Target Variable Selection: We will define a new target variable specifically focused on assessing intervention effectiveness. This could involve metrics like reduced infection rates, improved economic indicators, or other relevant measures tied to the interventions' goals.

Intervention Features: We will ensure intervention data is included as features in the next model. This might involve coding interventions as categorical variables or creating numerical representations based on their intensity or duration.

Model Selection: Based on the findings from the current workflow (e.g., best performing model), we will choose an appropriate model for the new target variable and intervention analysis.
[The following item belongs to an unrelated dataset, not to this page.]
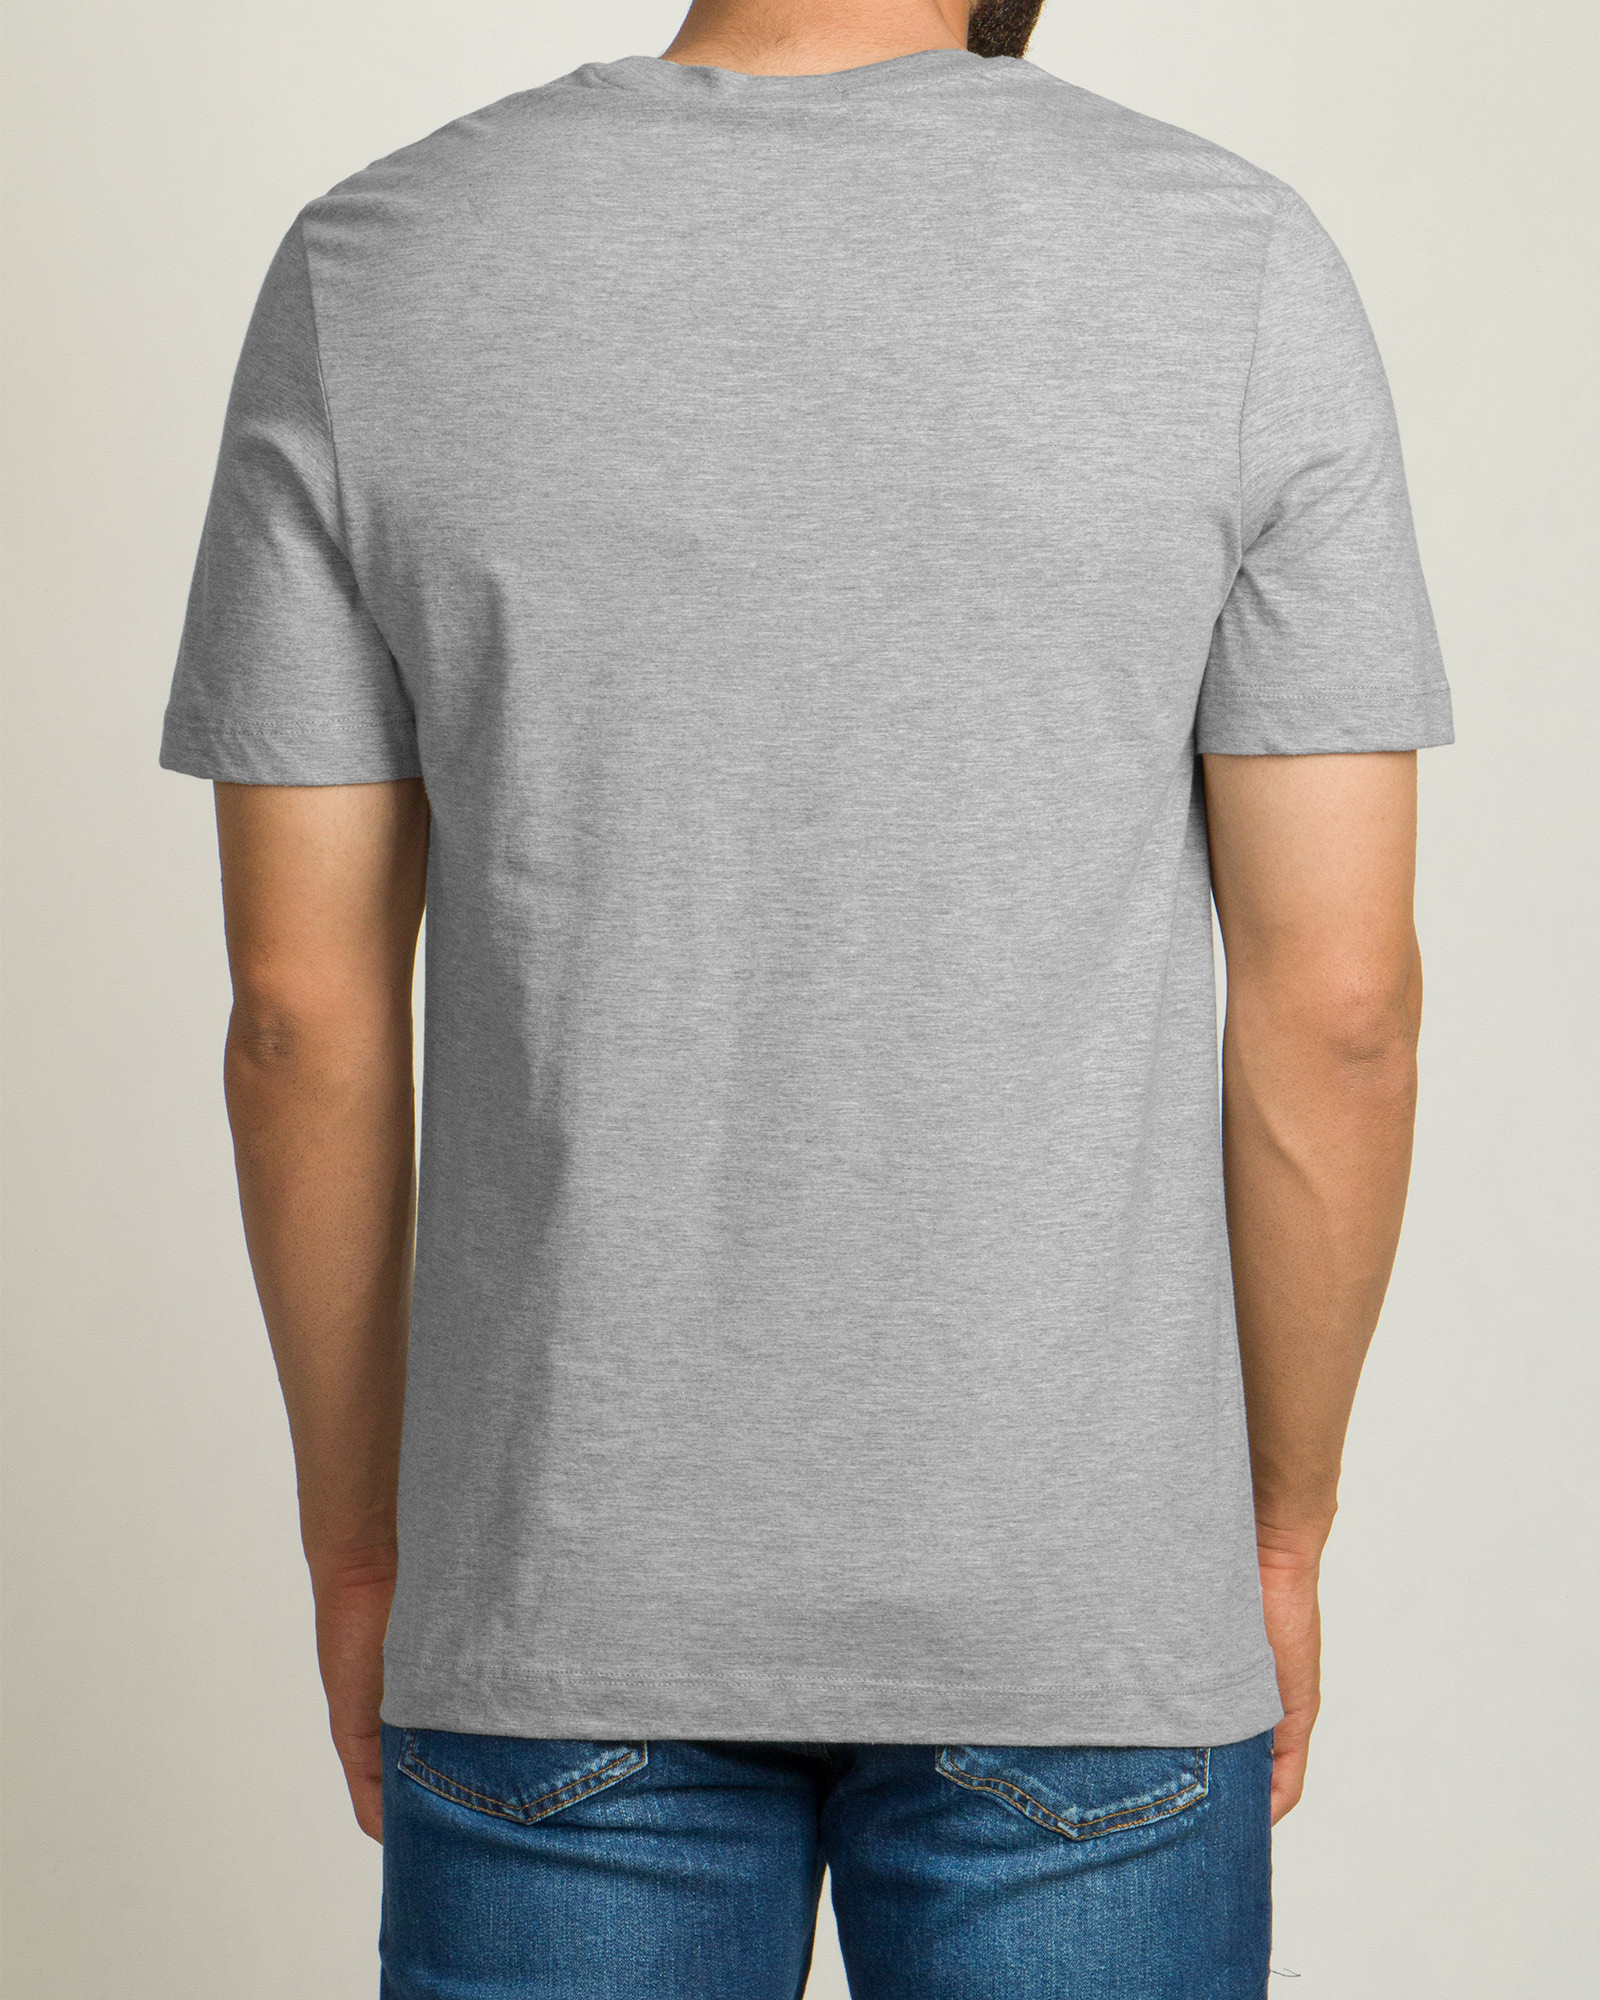 خرید تیشرت آستین کوتاه مردانه چاپ برجسته خاکستری 20196127

Evaluation Metrics: We will utilize relevant evaluation metrics to assess the model's performance in predicting intervention effectiveness. This might involve metrics like precision, recall, or F1-score for classification tasks, or mean squared error (MSE) for regression tasks.


Conclusion:

This study successfully developed a foundational machine learning model. By analyzing feature importance, defining an intervention-specific target variable, incorporating intervention data as features, and using relevant evaluation metrics in the next phase, we can gain valuable insights into how well the interventions work within this dataset. This paves the way for a more robust and targeted analysis of intervention effectiveness.